An exact reproduction of the lines below, from the first through the one with "Period: 20th", is the whole answer; pictures have no place in it.

Collected data entries:
[Start of Attachment]
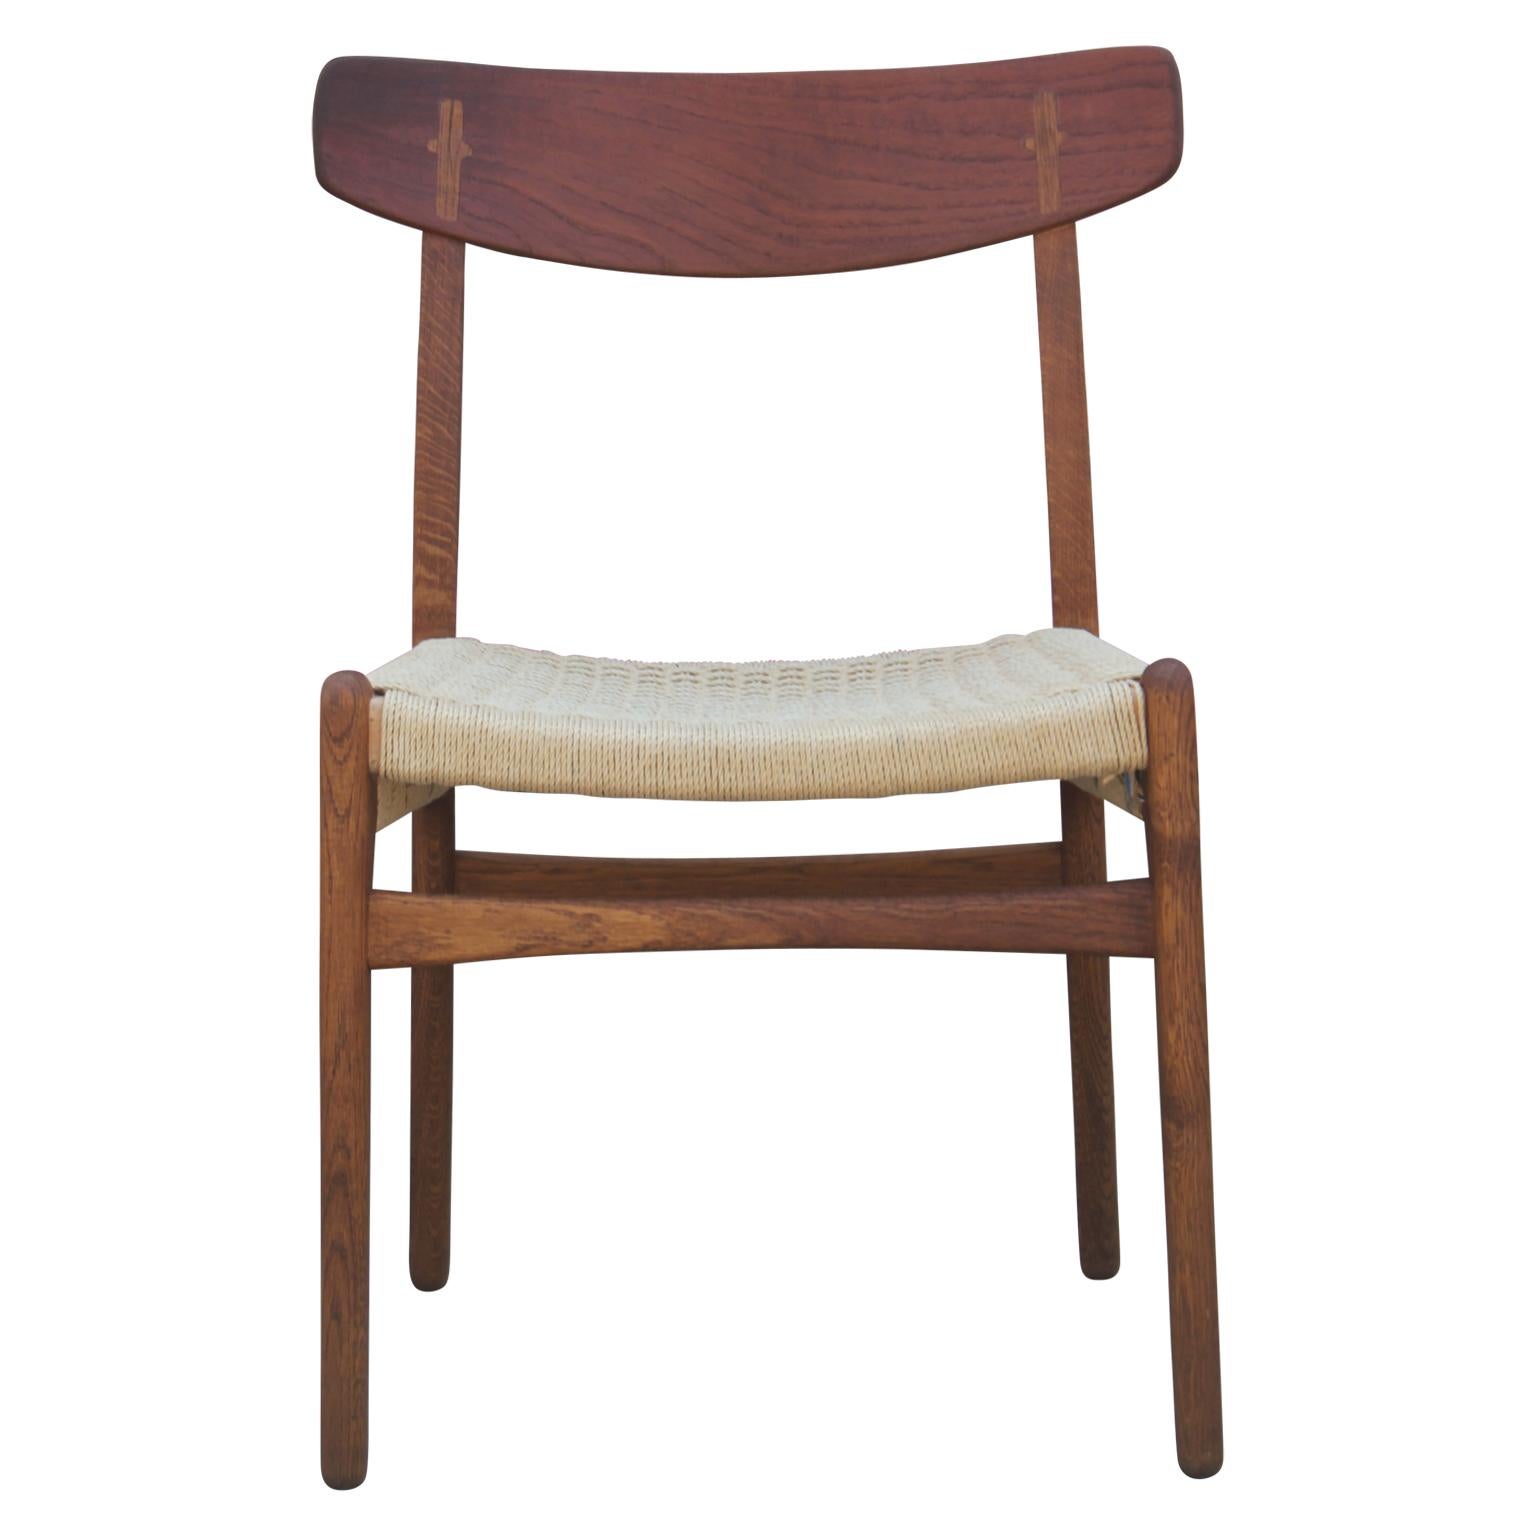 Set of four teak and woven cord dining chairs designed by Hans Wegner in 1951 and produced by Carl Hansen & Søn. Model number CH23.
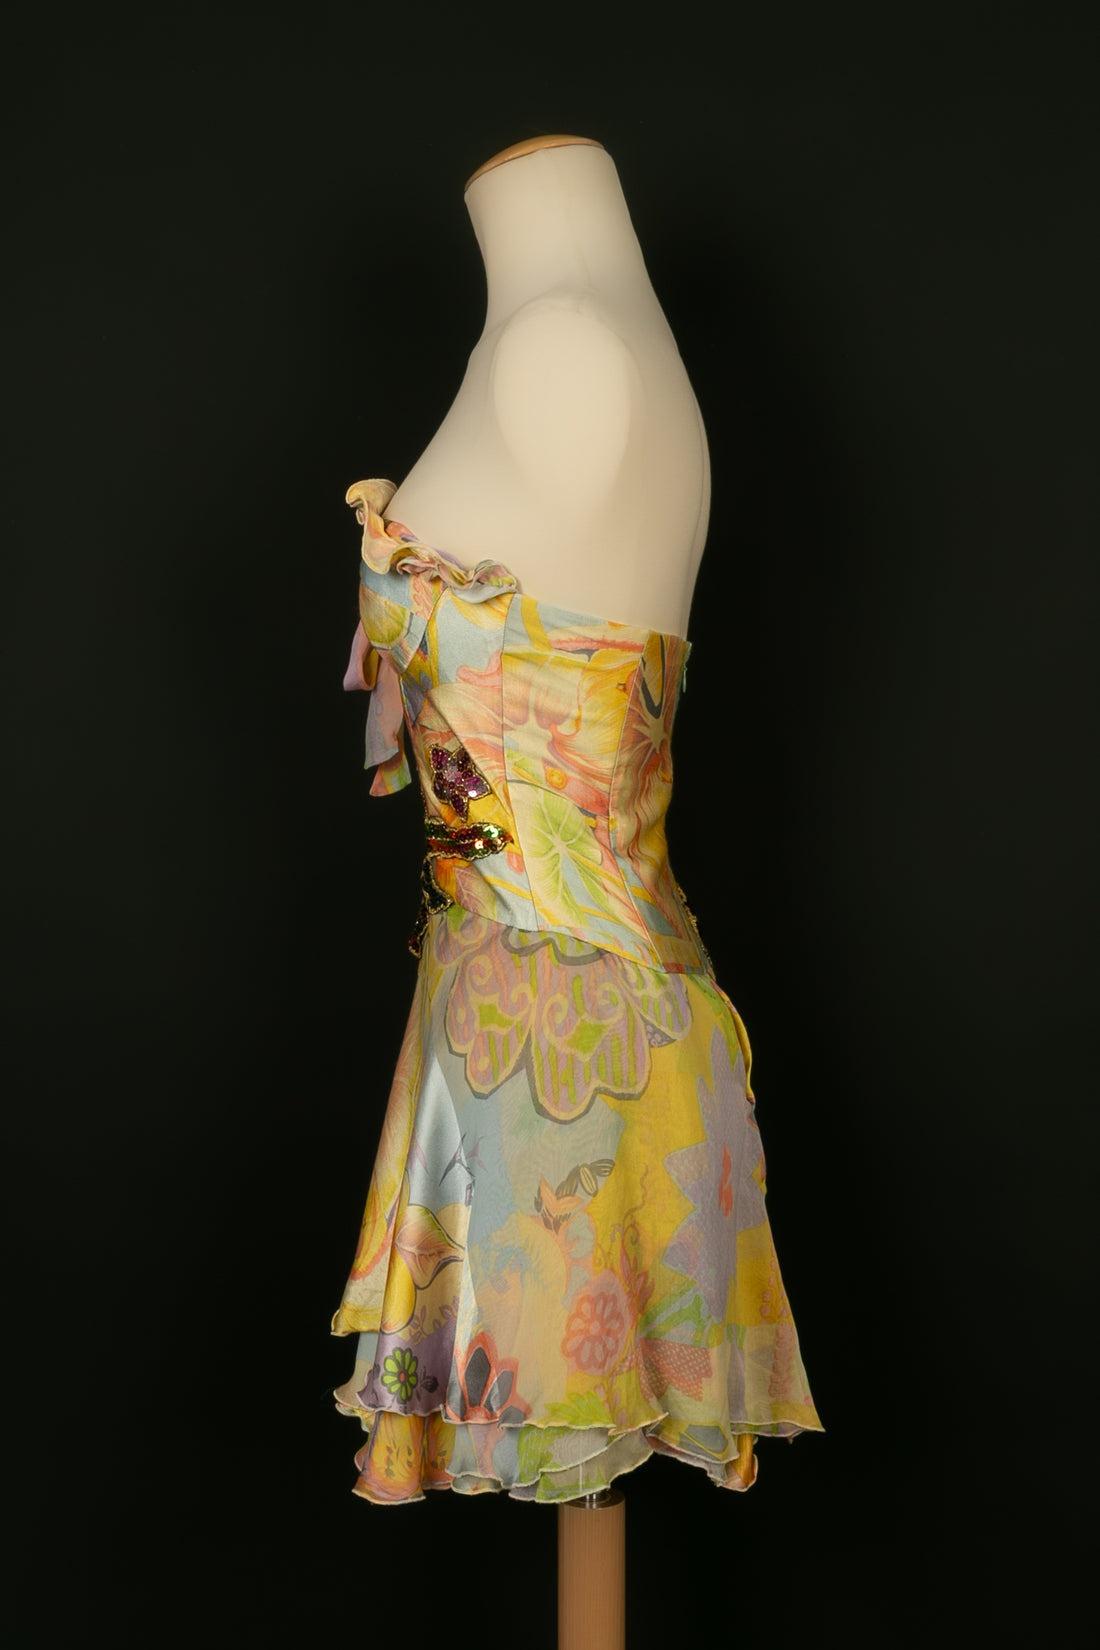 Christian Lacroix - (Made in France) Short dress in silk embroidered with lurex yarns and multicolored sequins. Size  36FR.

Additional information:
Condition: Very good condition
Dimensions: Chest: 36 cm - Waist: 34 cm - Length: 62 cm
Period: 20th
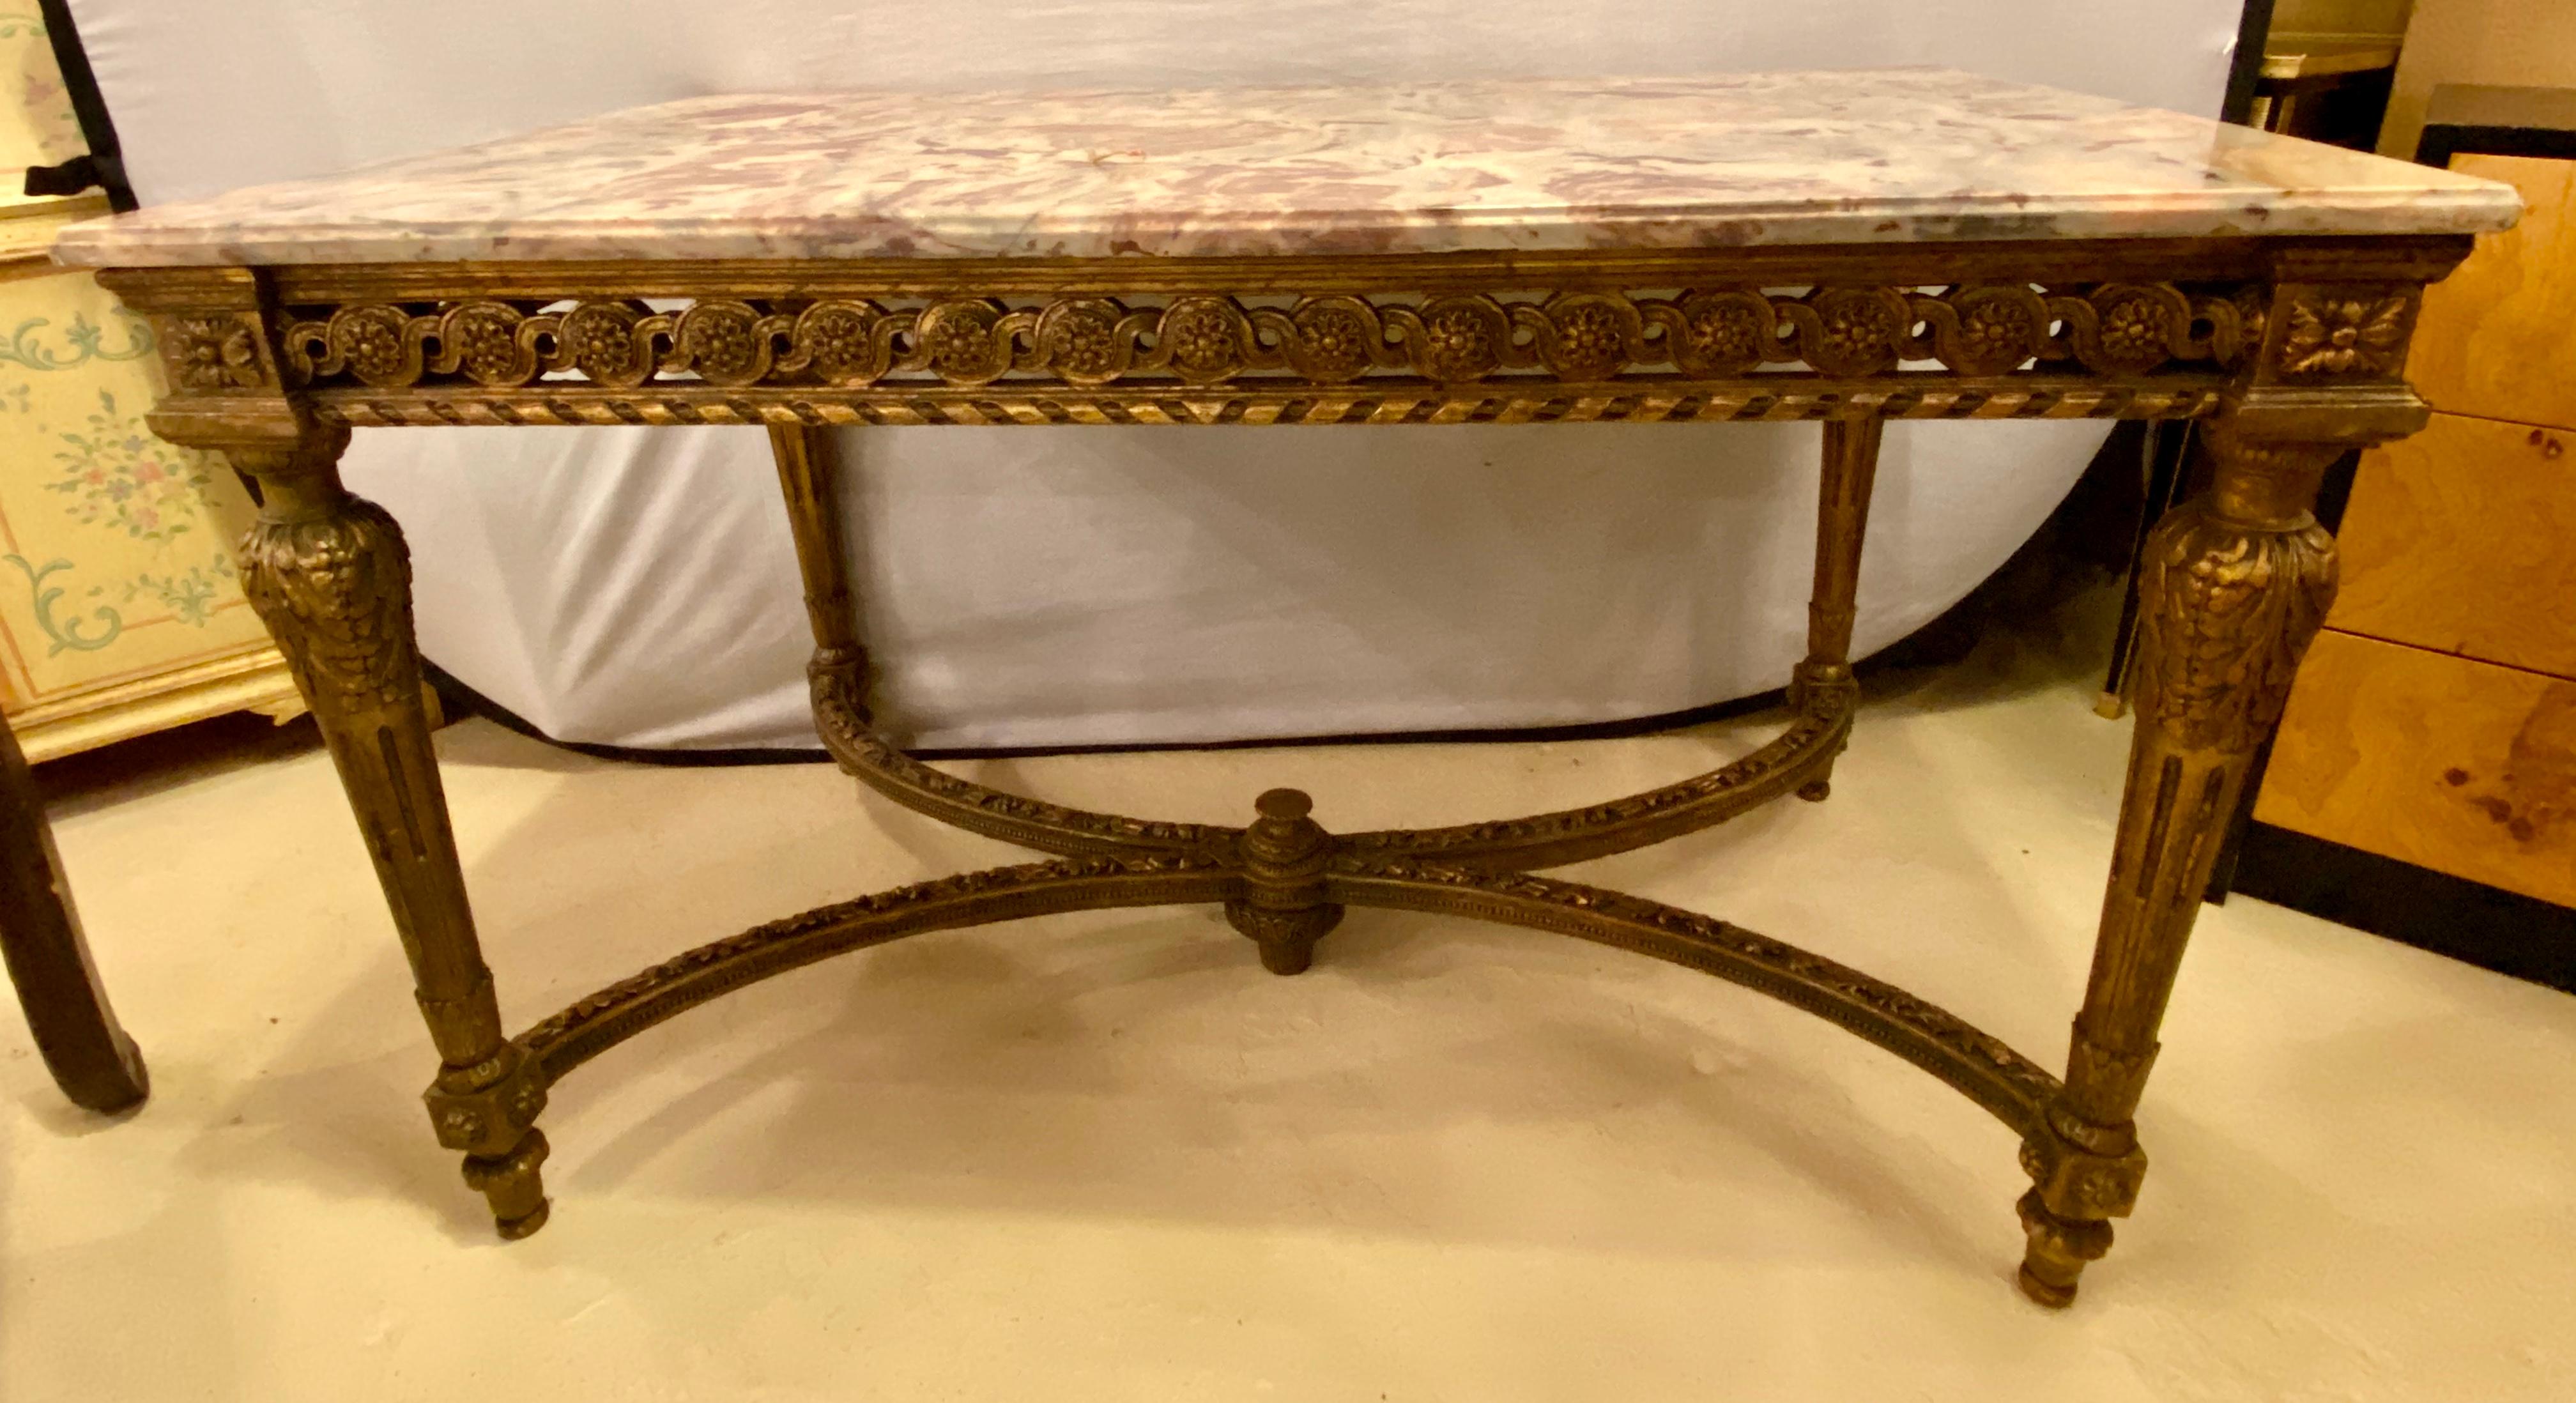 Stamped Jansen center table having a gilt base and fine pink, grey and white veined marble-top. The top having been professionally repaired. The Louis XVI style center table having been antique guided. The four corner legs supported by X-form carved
[End of Attachment]
▶ [Result of the exercise]:
 Set of four teak and woven cord dining chairs designed by Hans Wegner in 1951 and produced by Carl Hansen & Søn. Model number CH23.
 Christian Lacroix - (Made in France) Short dress in silk embroidered with lurex yarns and multicolored sequins. Size  36FR.

Additional information:
Condition: Very good condition
Dimensions: Chest: 36 cm - Waist: 34 cm - Length: 62 cm
Period: 20th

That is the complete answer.